Introduction

Every moment, many people begin to have the need to ensure that they lead healthy and a long lasting life that is free of infectious diseases such as those brought by the consumption of unsafe water. Instances of allowing the element of poison in the kind of water for drink pose great risk to the health of human beings. Human beings should exercise a lot of car in what they daily in their lives as they each have impact on the water in the environment they live in at large. For instance, there is a trend currently going on where each and every individual is developing the urge to ensure the conservation of the natural resources, especially the water based sources.

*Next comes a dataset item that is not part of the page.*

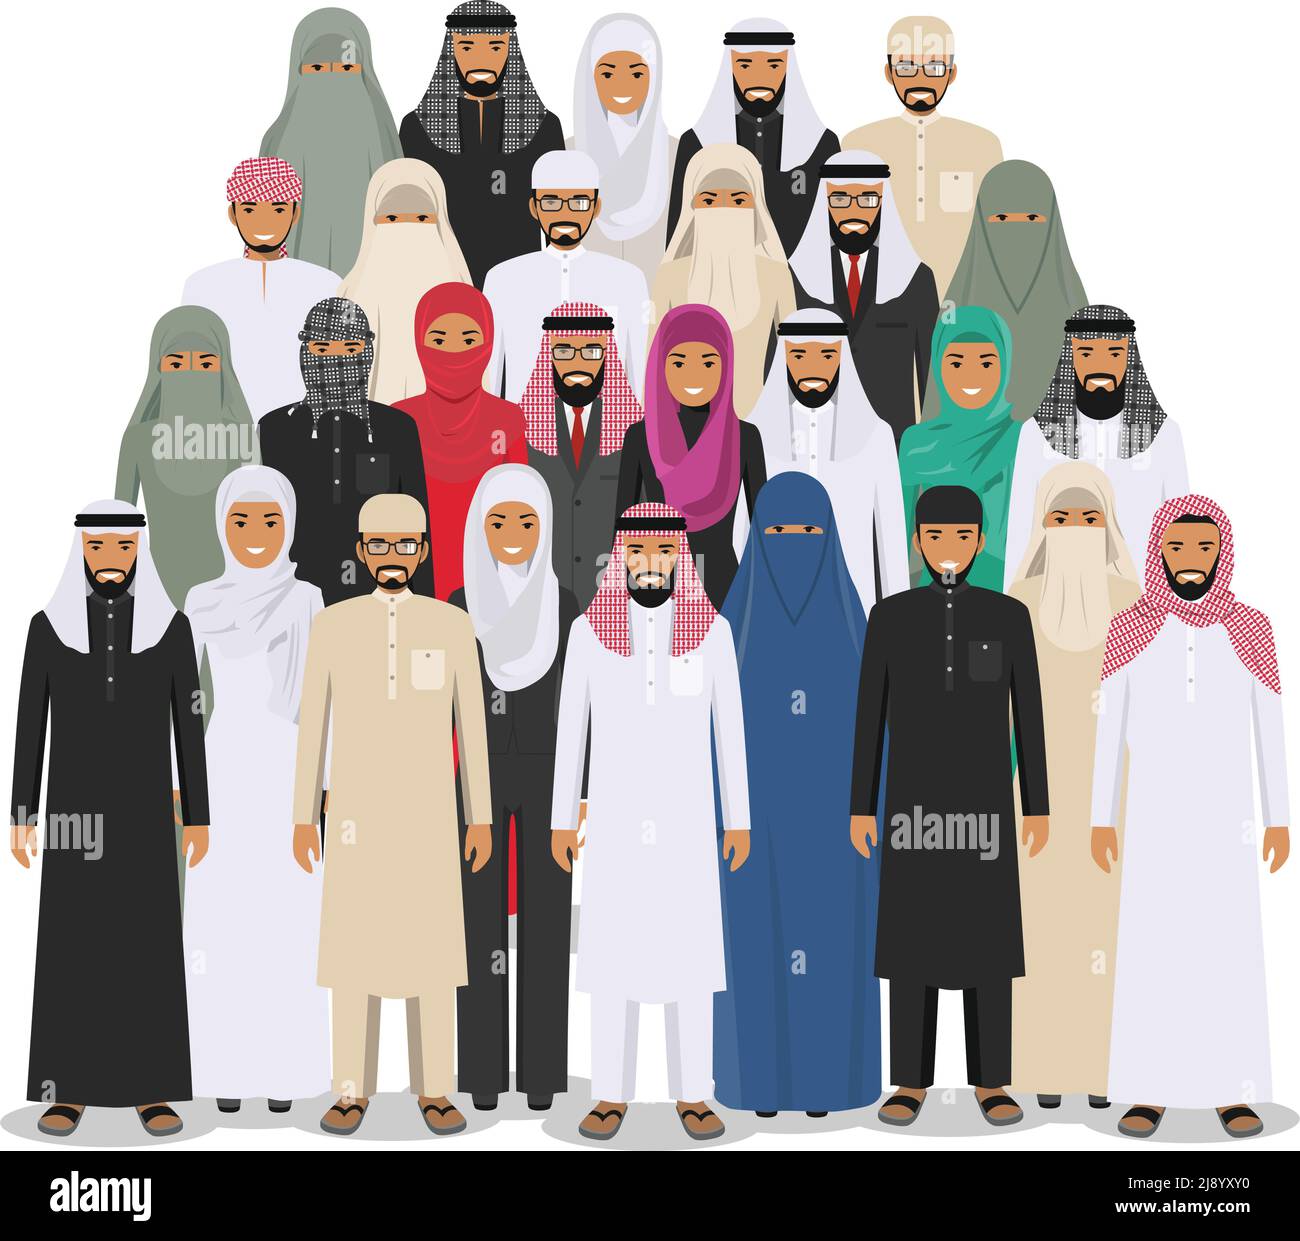 Arabischer Mann und Frau stehen in verschiedenen traditionellen islamischen Kleidern auf weißem Hintergrund in flachem Stil zusammen. Verschiedene Kleiderstile. Flaches Design p Stock Vektor
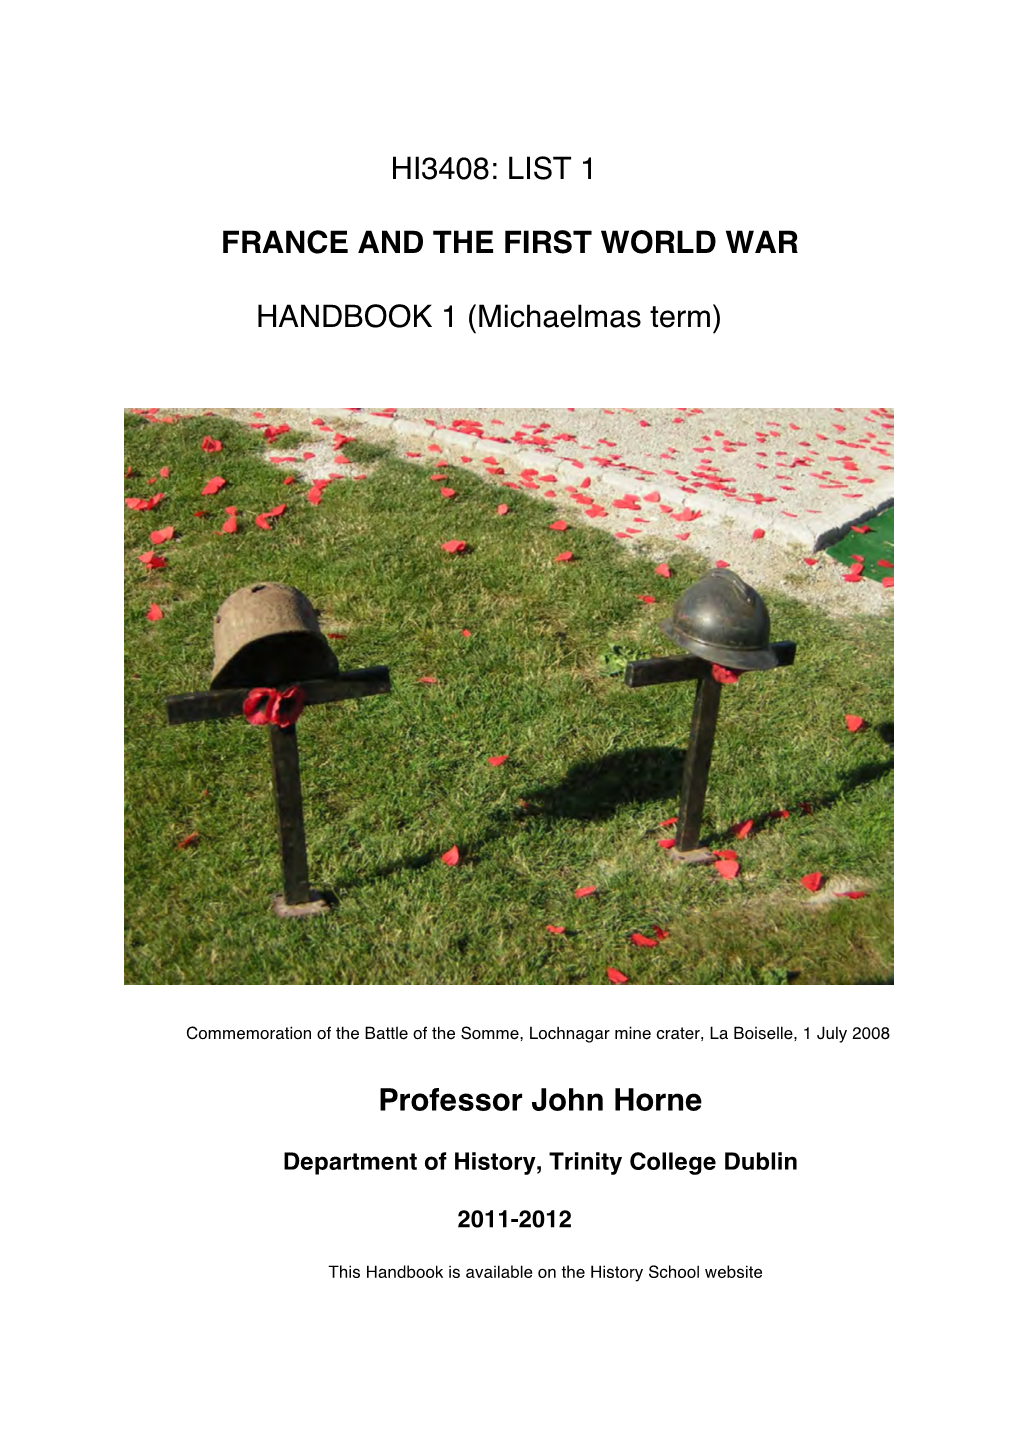 List 1 France and the First World War Handbook 1

Determination of the quality of water entails various methods though the most profoundly used are the chemical monitoring and the biological monitoring cases. Chemical monitoring on its side offers good data that relates to what is taking place during the measurement of the sample. For the purpose of this laboratory experiment on the water quality and testing, the experiment will focus on the testing of the pH, temperature, turbidity, nitrates, phosphates and the dissolved oxygen. On the other hand, the biological monitoring case in water and quality testing may offer the long term scope of determination of the true picture of the quality of water. In such instances, the indicator organisms do show response to some specific conditions that have some consistency.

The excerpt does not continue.